Я смутился. На эти деньги в Москве вполне можно было прожить, и работа предлагалась нетрудная. Но стать в России помощником Патрика, проводником его экуменических идей…

– Спасибо за ваше доверие. Я должен подумать. Это ответственное дело.

Глаза Патрика слегка сузились:

– Разумеется. У вас есть время.

Он подозвал улыбчивого официанта.

По пути в Женеву у городка Сен-Жюльен мы неожиданно свернули на боковую улочку, промчались несколько кварталов и остановились.

– В этом доме живёт моя мать. Я загляну к ней ненадолго. Хотите, пойдёмте со мной. Познакомитесь… – Патрик невозмутимо поманил меня за собой.

Своим ключом он открыл дверь в двухэтажный безликий дом. Старая деревянная лестница вела сразу на второй этаж. Мы прошли по коридору мимо старинных сундуков, заставленных сверху картонными коробками. Патрик постучал в дверь:

– Мама, здравствуй! Можно войти?

За дверью негромко вскрикнул женский голос, открылась дверь, и я увидел невысокую худую старушку лет восьмидесяти в тёмном платье с отложным белым воротничком:

– Патрик! Мой дорогой Патрик! – худые руки обхватили его шею, щека прижалась к груди.
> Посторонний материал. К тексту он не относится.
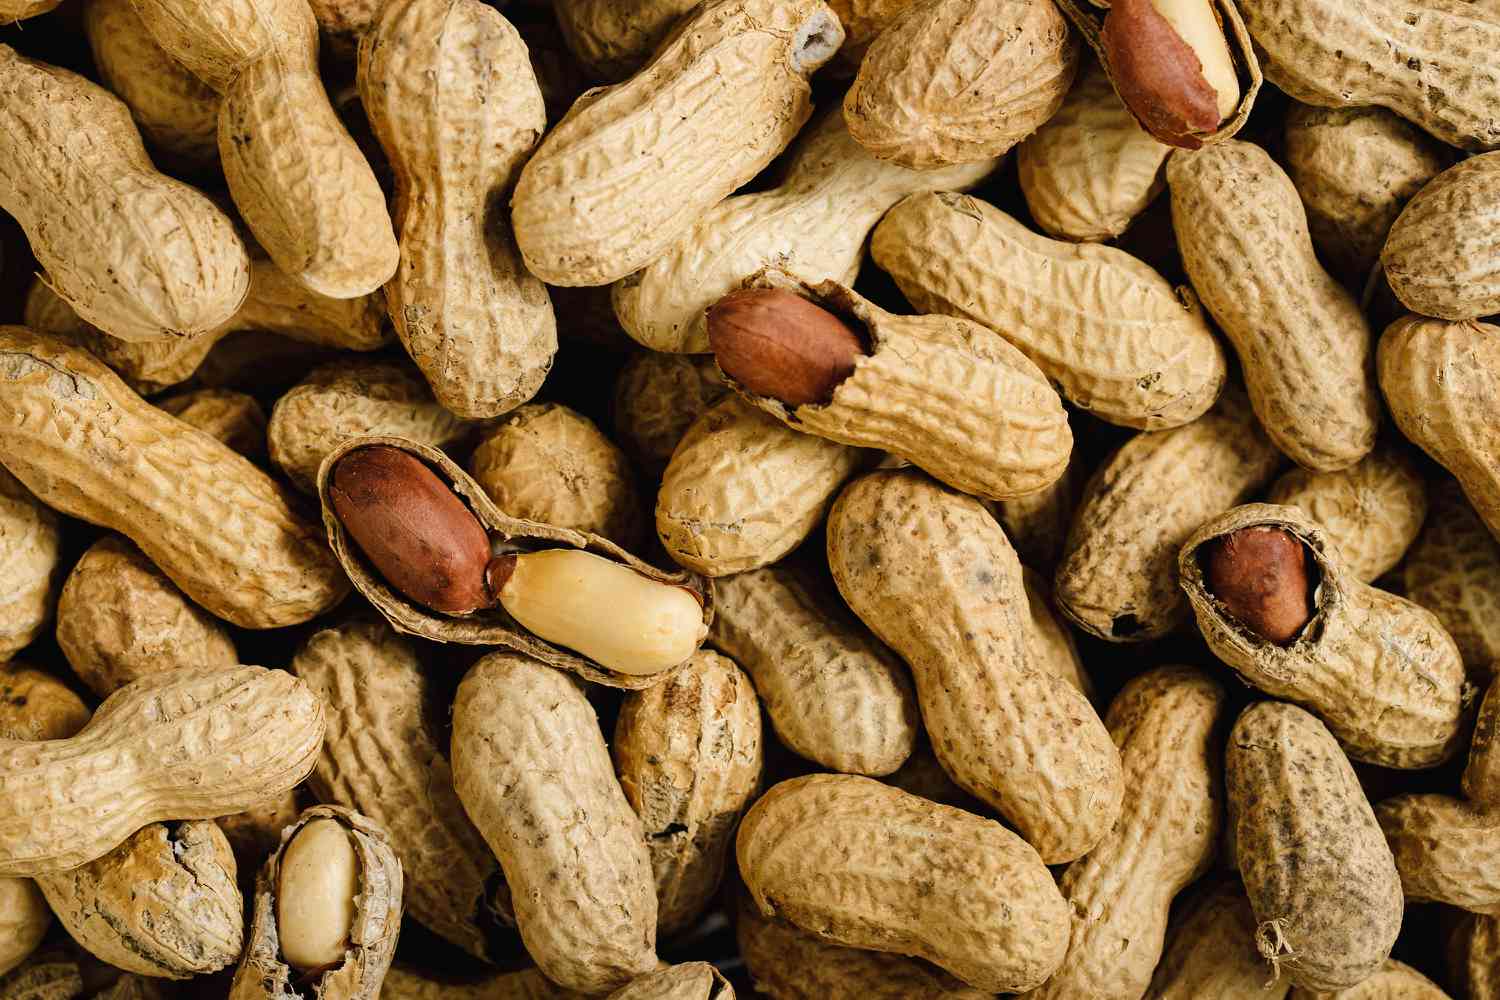 The FDA Just Approved a Drug to Treat Severe Food Allergies

– Мама, очень рад, что выбрался к тебе! Со мной гость из России! Православный.

– Вот как? – старушка слегка улыбнулась, протянула невесомую ладонь и вновь глянула на Патрика: – Хотите что-нибудь перекусить? Могу угостить сидром.

– Спасибо, мы только что пообедали.

– Ну, хорошо… Ты опять спешишь? Останьтесь хоть ненадолго!

Мы прошли в комнату, переполненную старой добротной мебелью, множеством вещей, вещиц, коробочек. Уселись в кресла у окна. Разговор начался неспешно и незамысловато: о здоровье, каких-то родственниках, но неожиданно прервался. Старушка вздохнула с невыразимой, смиренной грустью:

– Ты всё в дороге, в дороге…

– Да, мама, простите. Такая у меня жизнь, – Патрик опустил глаза.

– Я знаю.

Было видно, как её мучали одиночество, немощи и давняя тоска.

– Сегодня праздник Пасхи, – вырвалось у меня, – Поздравляю вас!

Старушка повернулась ко мне и кивнула с грустной улыбкой:

– Спасибо!

– Местный священник раз в неделю заходит к маме. И сёстры из конгрегации её навещают, – Патрик произнёс эти слова, будто не в оправдание, а объясняя, как устроена здесь жизнь.

Мы помолчали. Он поднялся, обнял мать, что-то шепнул и поцеловал. Я пожал маленькую холодную руку:

– Помоги вам Бог!

Она кивнула и покорно остановилась в дверях, провожая нас взглядом по коридору.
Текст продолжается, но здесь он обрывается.